We all know what the placebo effect is. It's the very real-world phenomenon of the body responding positively to an otherwise ineffective treatment or stimulus caused by the belief that there will be a positive outcome. The placebo effect is, in reality, a large reason for many success stories in the therapeutic world, believe it or not. In fact, some modalities actually rely on a patient's belief that it will decrease their pain.

Source
BUT.. did you ever stop to consider the opposite effect being a possibility as well?

The "nocebo" effect is classified as when a negative expectation results in a negative outcome, whether it's to do with movement, nutrition, a clinical treatment, or virtually anything else. Truly, it's the other far-side of the spectrum from the placebo.

This ties directly in with my past topics about how language selection and expectations of pain can propagate and cause more pain. Like I've said before, mental state has a huge effect on driving the body's outputs, whether it be pain, inflammation, or more.

This being said, the nocebo has a massive influence on the effectiveness of a therapy treatment. If a client does not believe in a certain type of treatment or modality or they think that it will cause them harm, then it absolutely can interfere with the treatment outcome!

For this reason, I do my best to thoroughly educate my clients in exactly what kind of processes are occurring in their body before, during, and after any treatment I provide in order to help them understand the targeted effect and increase the probability of success.

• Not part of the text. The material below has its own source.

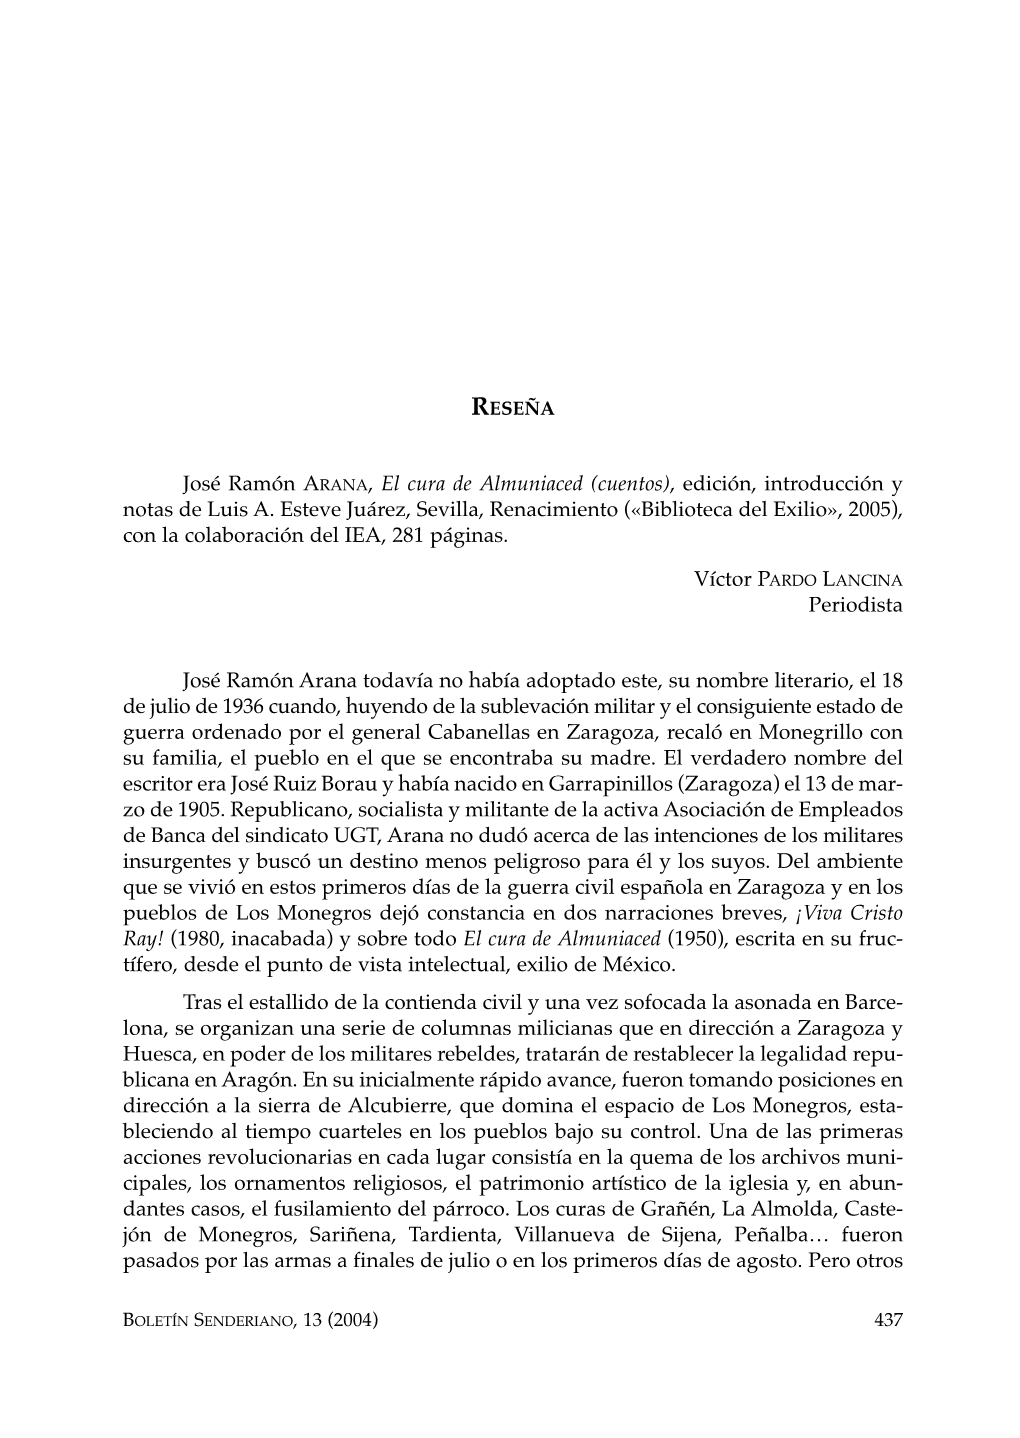 José Ramón ARANA, El Cura De Almuniaced (Cuentos), Edición, Introducción Y Notas De Luis A
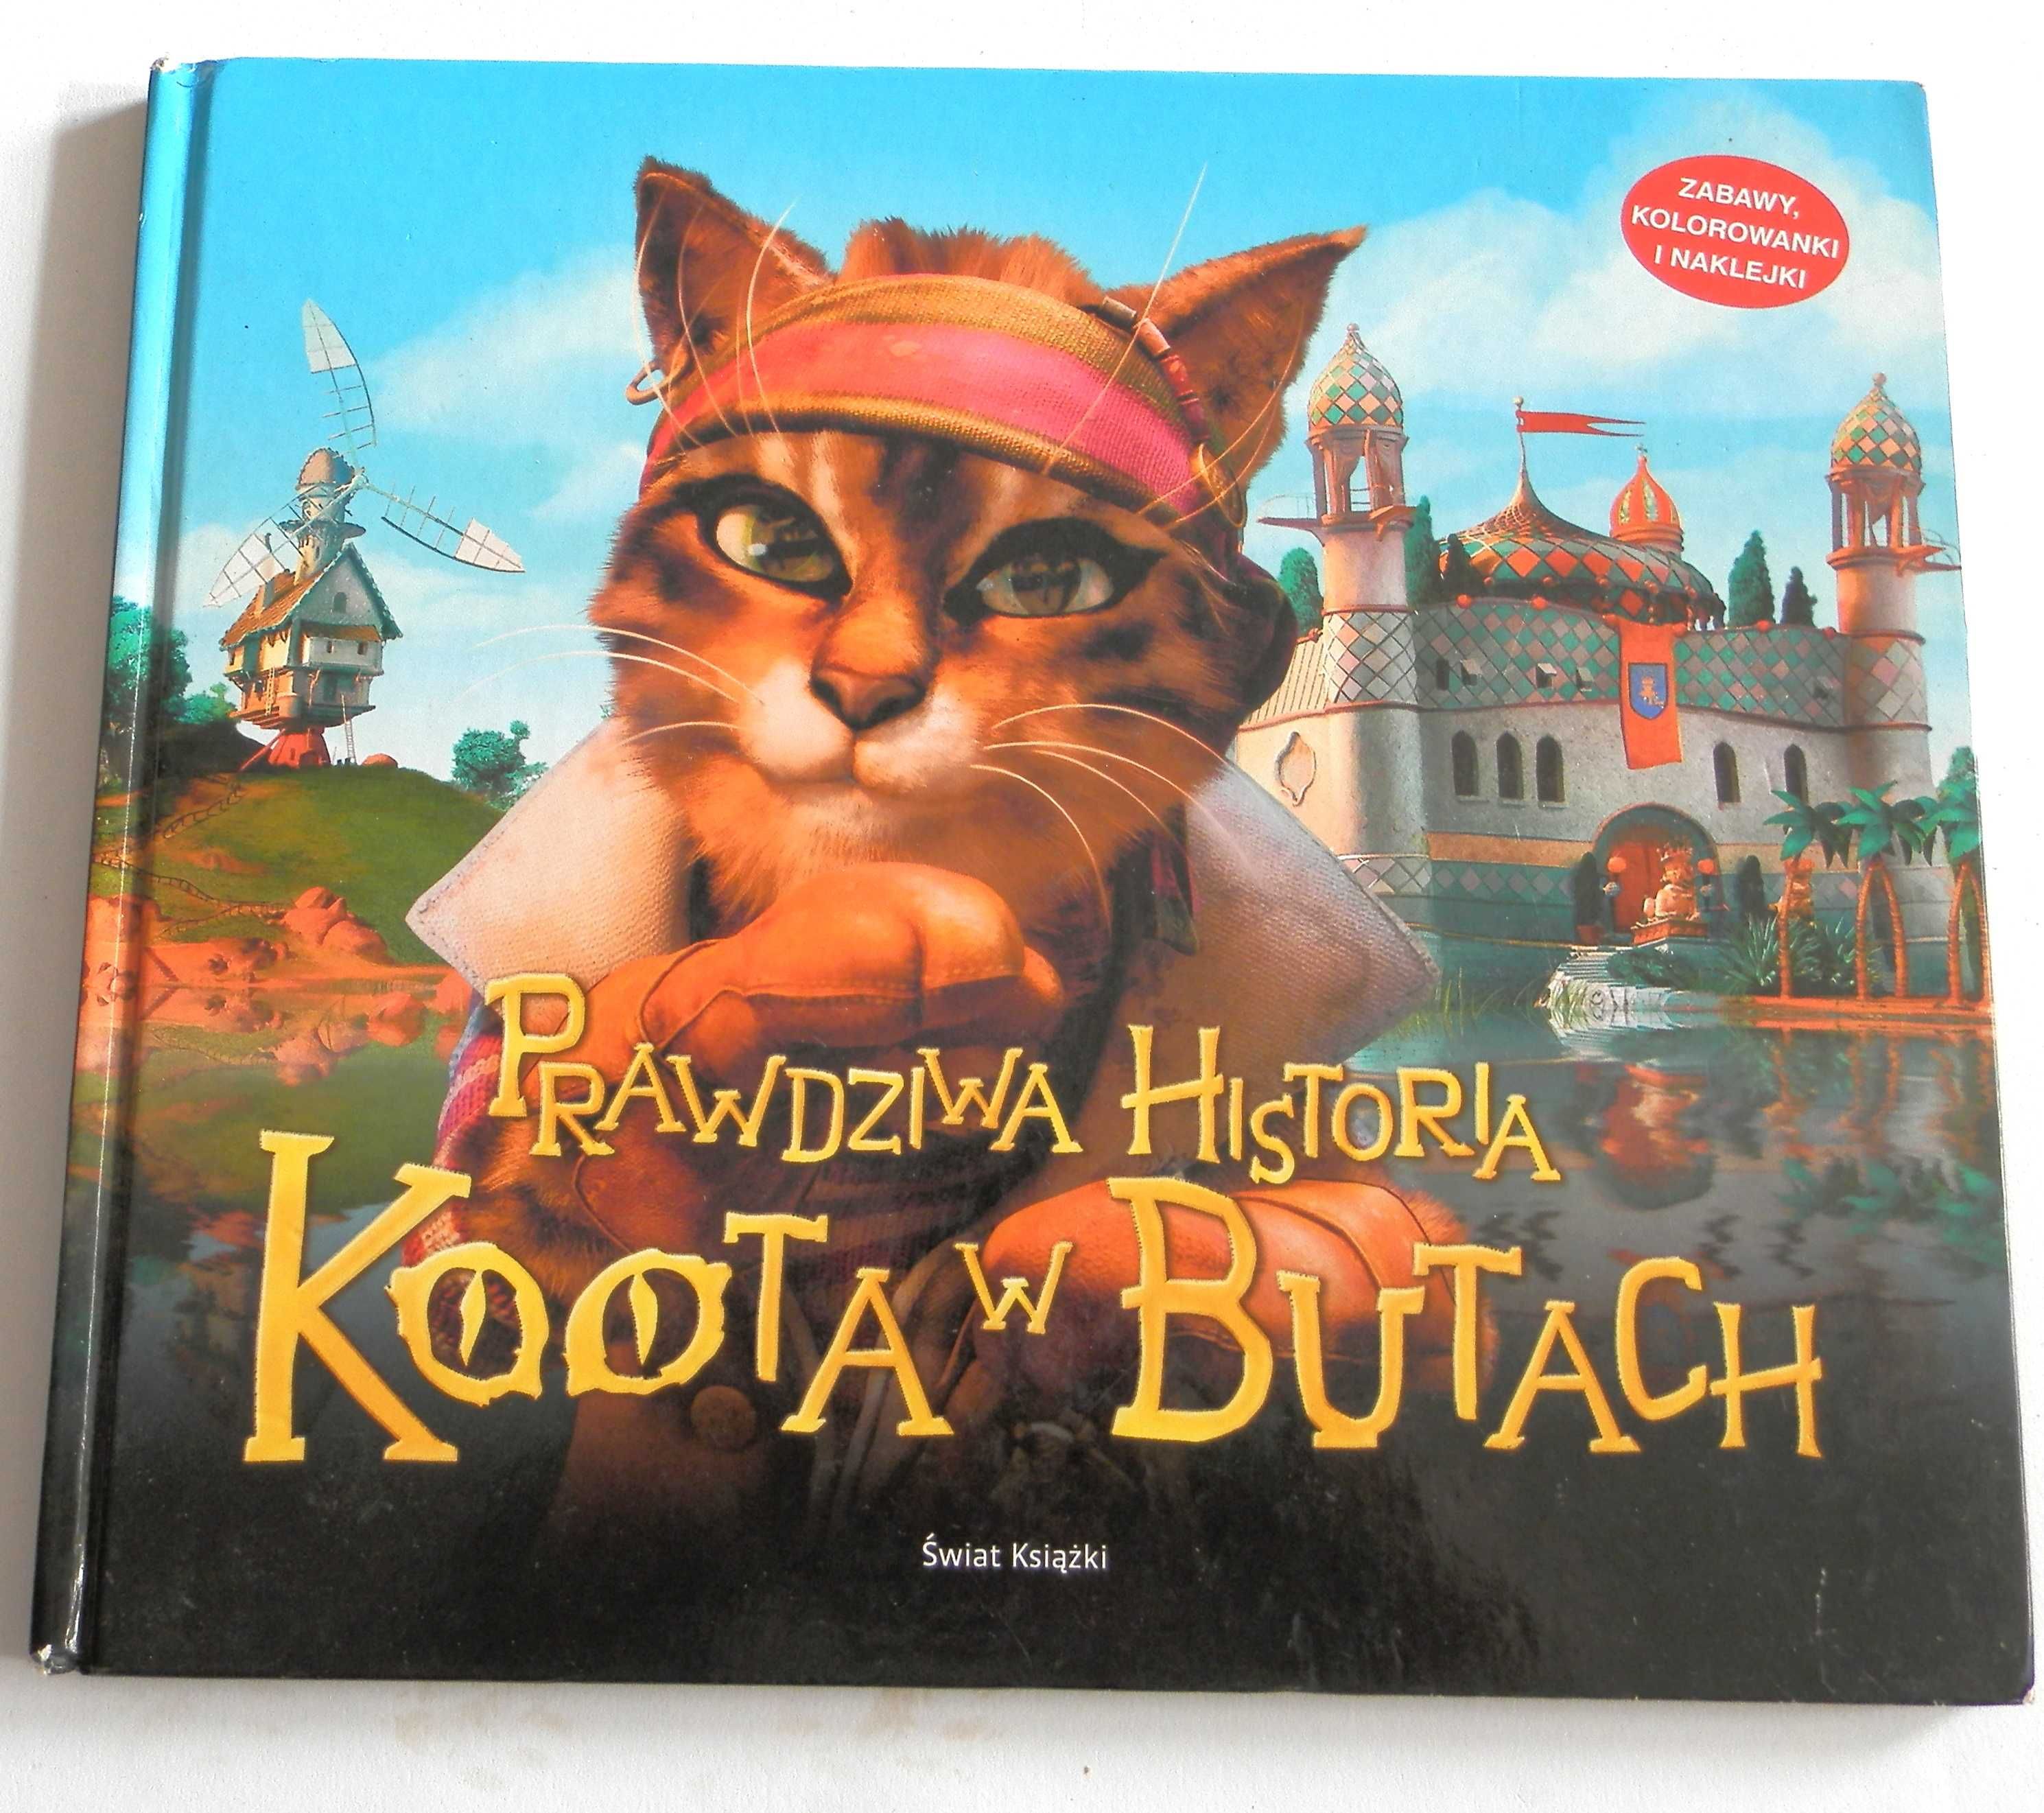 Prawdziwa Historia kota w butach książka dla dziecka 6+ŚWIAT KSIĄŻKI

If a client simply doesn't believe in a modality at all, then that's ok! Therapists work for the client, not the other way around, and the client does not HAVE to subscribe to every philosophy. However, in absence of that belief, gears need to be switched with either a new approach or a new therapist, otherwise we're charging that client continually for treatments with no outcome. And that's where responsibility on the clinician's side comes in.

The brain is a funny thing, but it's the boss. We gotta work with it.